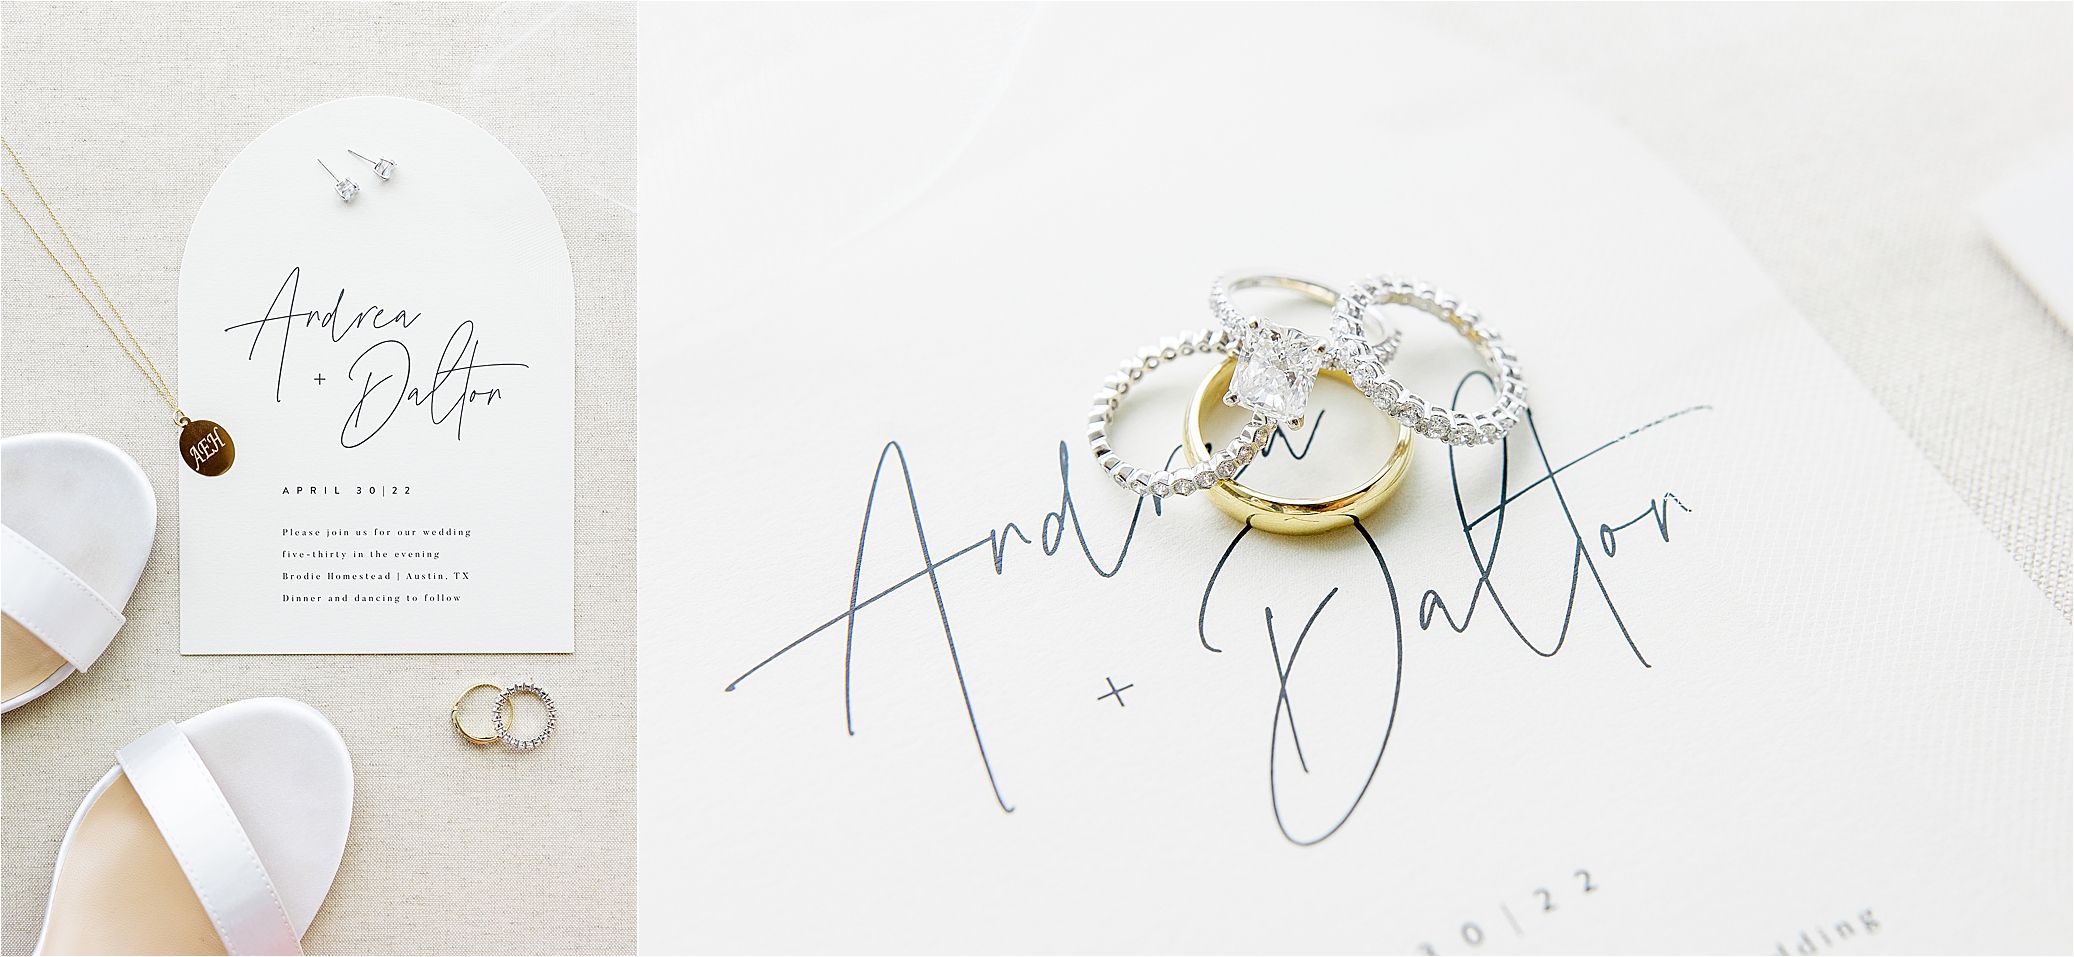 A detail photo of of wedding bands and an engagement ring on an top of an invitation suite that reads Andrea + Dalton
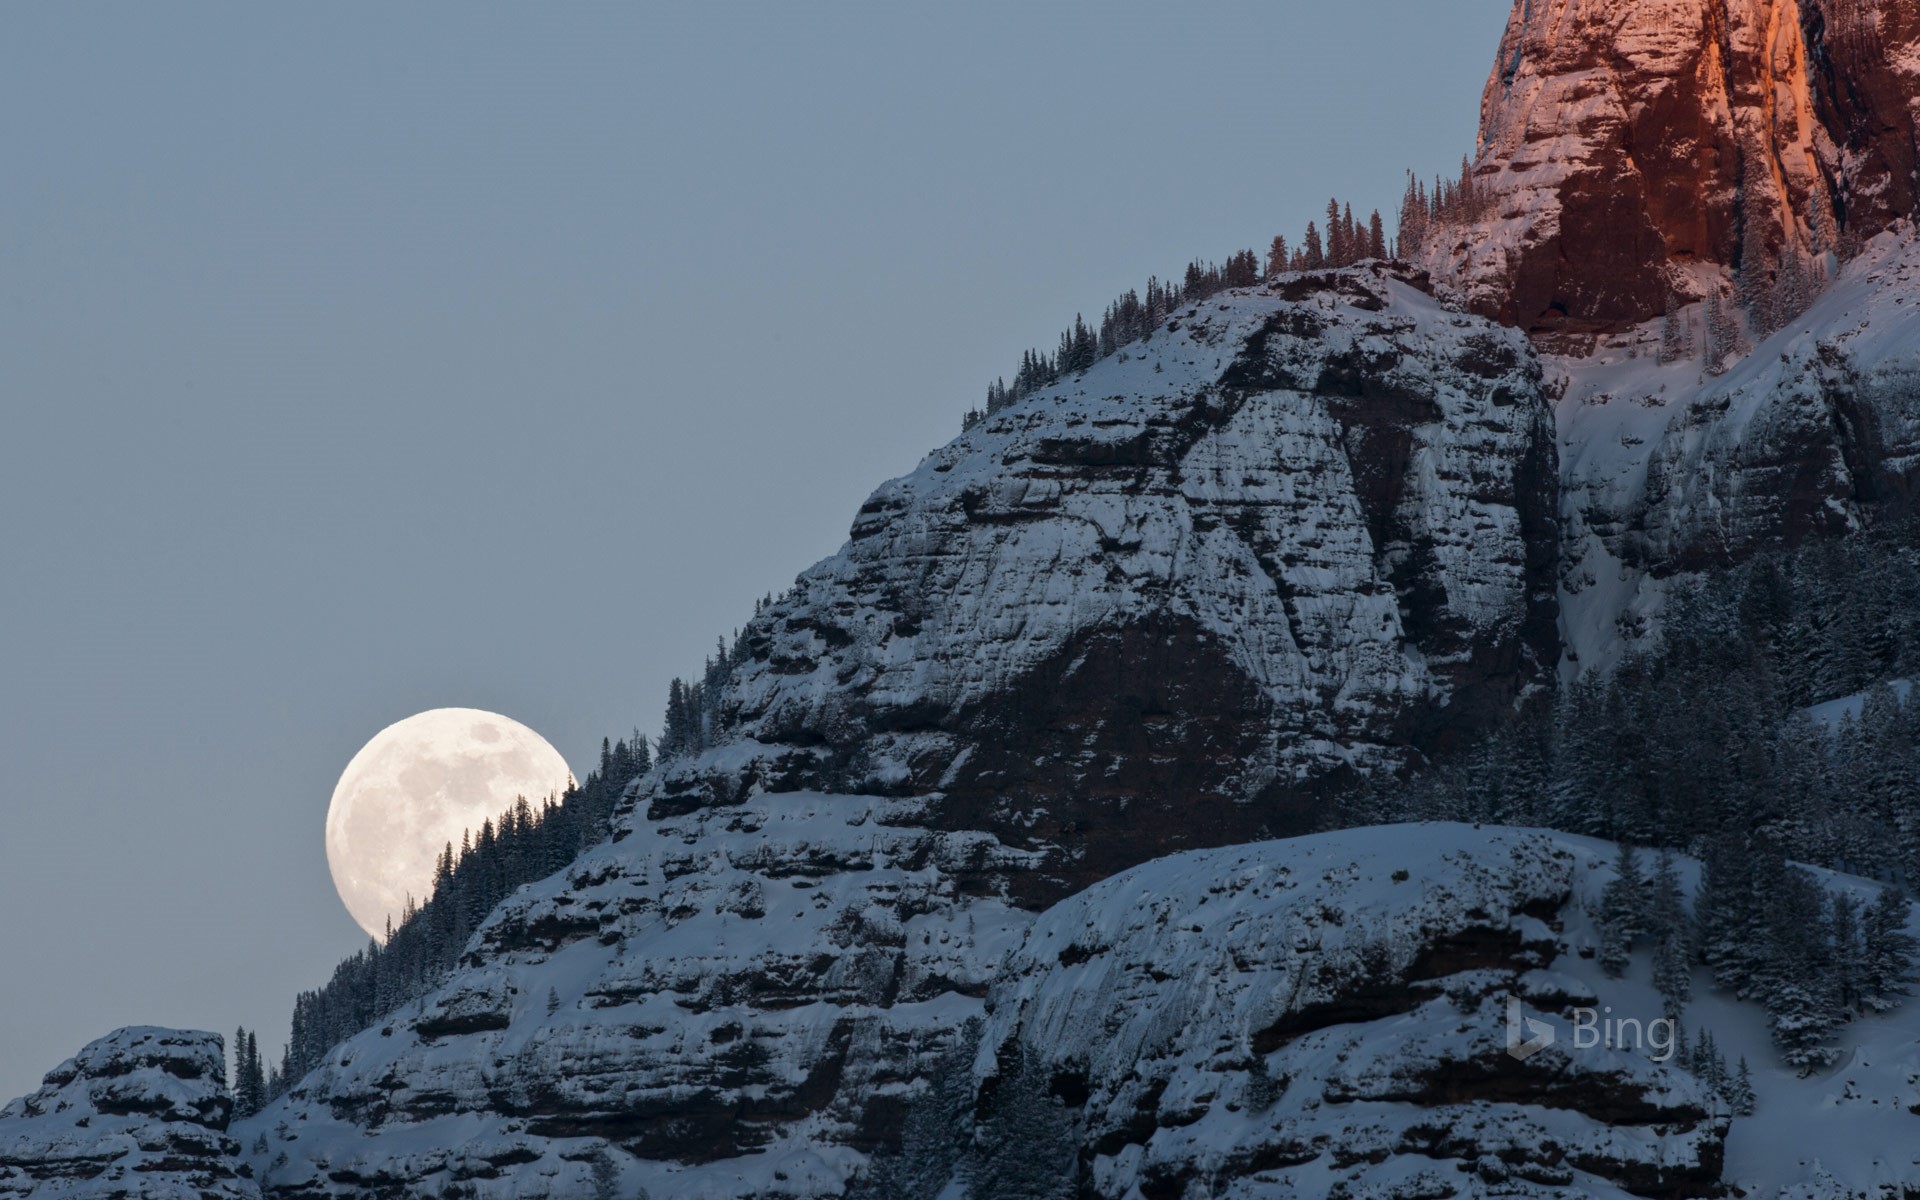 Moonrise over Yellowstone National Park
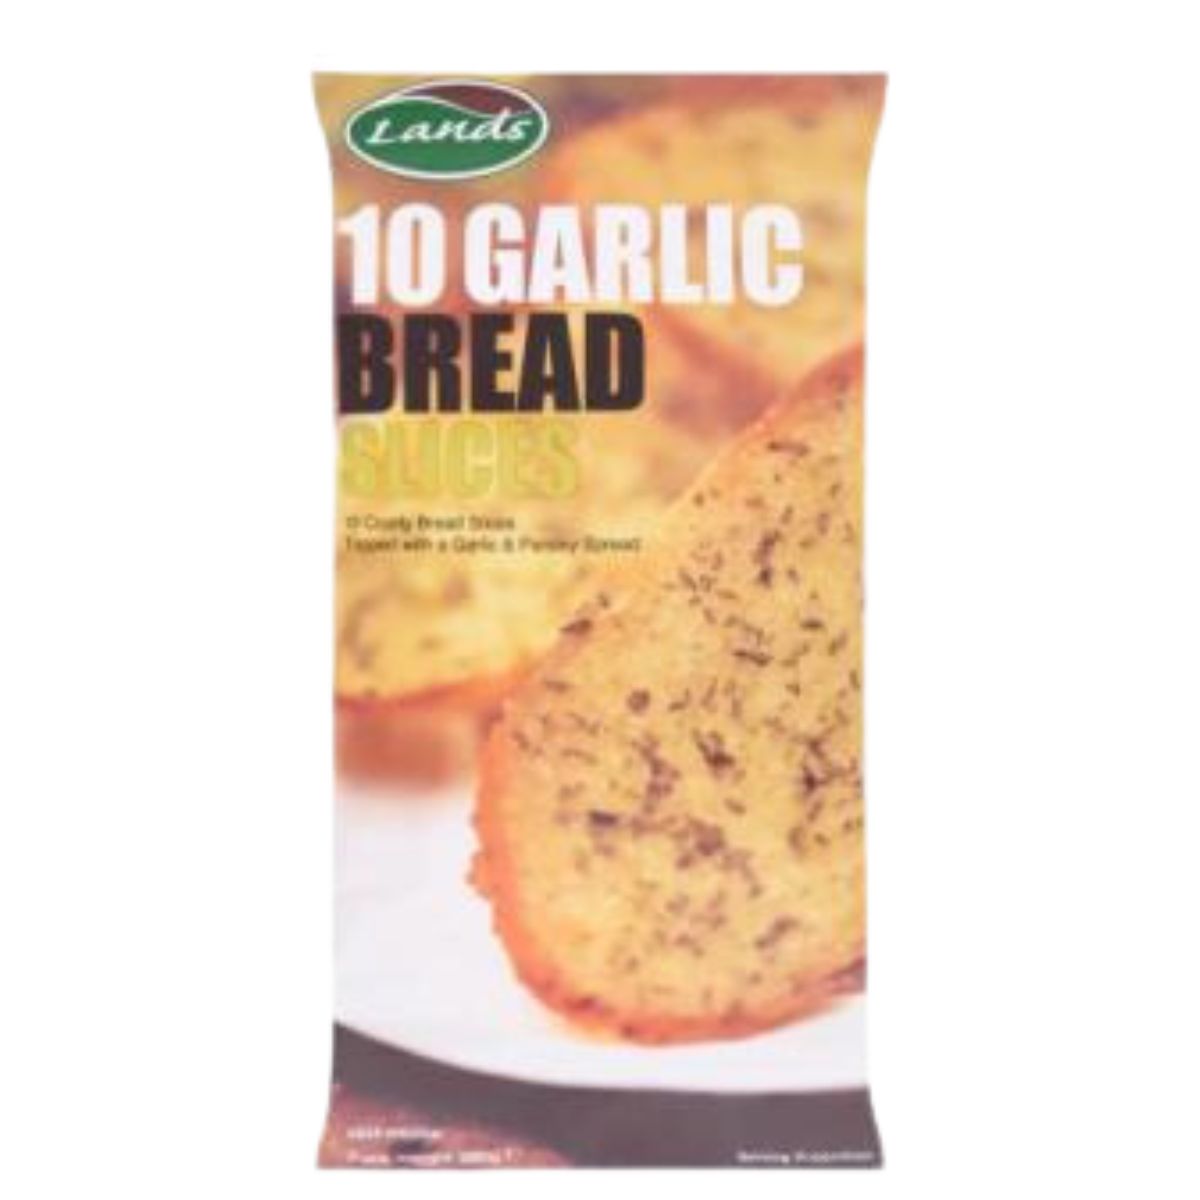 Packaging of "Lands - 10 Garlic Bread Slices - 280g" with an image of the product displayed.
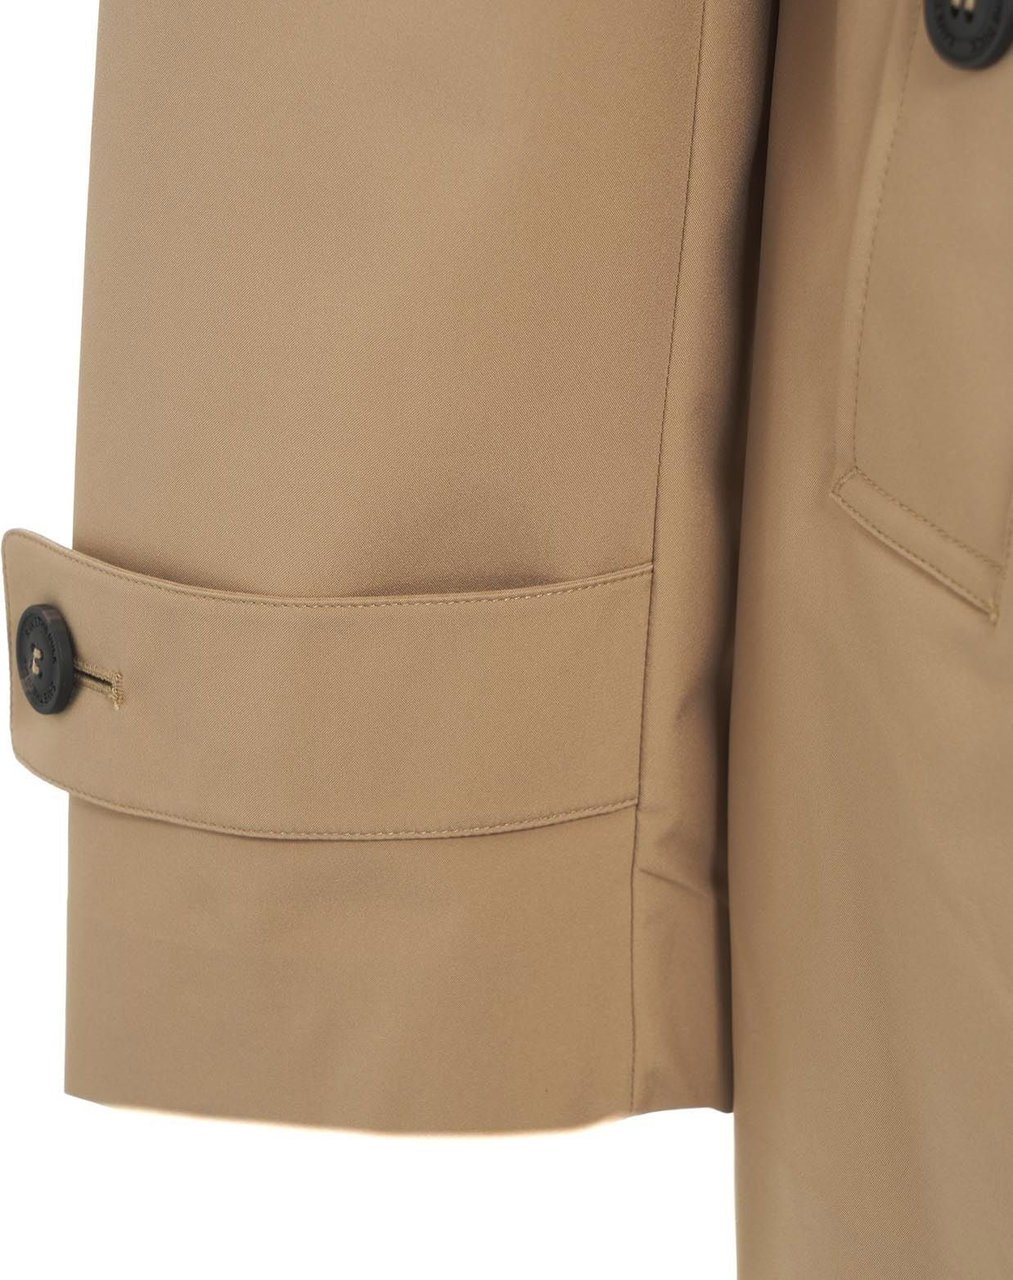 Save the Duck Double-breasted coat "Sofi" Beige

§ **Problem statement**:
With images omitted, output the data exactly as given.

§ **Result**:
 A detail photo of of wedding bands and an engagement ring on an top of an invitation suite that reads Andrea + Dalton
 Moonrise over Yellowstone National Park
 Packaging of "Lands - 10 Garlic Bread Slices - 280g" with an image of the product displayed.
 Save the Duck Double-breasted coat "Sofi" Beige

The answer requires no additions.